━━━ DATA SHOWN
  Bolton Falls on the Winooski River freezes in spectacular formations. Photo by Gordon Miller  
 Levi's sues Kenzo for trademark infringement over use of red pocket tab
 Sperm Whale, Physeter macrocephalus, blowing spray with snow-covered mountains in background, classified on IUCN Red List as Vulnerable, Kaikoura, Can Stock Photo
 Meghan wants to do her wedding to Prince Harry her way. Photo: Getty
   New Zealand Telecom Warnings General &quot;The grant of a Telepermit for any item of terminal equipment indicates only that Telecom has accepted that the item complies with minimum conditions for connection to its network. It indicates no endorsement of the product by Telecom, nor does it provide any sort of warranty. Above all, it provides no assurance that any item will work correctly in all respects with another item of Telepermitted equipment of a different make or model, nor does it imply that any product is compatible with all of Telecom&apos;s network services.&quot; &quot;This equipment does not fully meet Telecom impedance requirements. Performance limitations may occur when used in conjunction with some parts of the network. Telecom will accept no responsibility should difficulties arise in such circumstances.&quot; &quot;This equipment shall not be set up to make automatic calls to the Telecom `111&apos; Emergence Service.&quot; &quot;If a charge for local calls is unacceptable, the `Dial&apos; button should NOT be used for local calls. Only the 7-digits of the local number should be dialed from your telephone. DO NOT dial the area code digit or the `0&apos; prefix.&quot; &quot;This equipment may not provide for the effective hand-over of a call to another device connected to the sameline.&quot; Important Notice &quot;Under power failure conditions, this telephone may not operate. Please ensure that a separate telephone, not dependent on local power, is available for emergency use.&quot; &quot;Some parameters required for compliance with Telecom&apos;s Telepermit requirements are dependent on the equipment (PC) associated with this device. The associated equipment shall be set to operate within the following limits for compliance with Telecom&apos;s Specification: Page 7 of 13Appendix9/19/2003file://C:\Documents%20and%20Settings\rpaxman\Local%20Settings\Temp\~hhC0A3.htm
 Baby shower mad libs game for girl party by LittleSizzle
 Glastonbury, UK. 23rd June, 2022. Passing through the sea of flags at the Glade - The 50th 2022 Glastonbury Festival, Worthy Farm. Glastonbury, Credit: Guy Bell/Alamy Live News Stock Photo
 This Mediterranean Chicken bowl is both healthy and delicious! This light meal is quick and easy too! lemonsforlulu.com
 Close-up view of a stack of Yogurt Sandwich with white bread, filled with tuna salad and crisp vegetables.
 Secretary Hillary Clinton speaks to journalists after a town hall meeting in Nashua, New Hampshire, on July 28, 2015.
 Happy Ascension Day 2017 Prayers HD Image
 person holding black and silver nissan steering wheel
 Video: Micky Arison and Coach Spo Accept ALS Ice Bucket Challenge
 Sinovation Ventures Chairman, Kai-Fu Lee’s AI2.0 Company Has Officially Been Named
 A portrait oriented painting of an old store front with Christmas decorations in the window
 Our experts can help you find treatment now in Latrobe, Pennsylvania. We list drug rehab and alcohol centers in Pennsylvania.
━━━━━━
#### YOUR ASSIGNMENT
Once every line above has been checked for the string "Stock", give the number of matching lines and nothing more.

#### RESPONSE TO THIS EXERCISE
2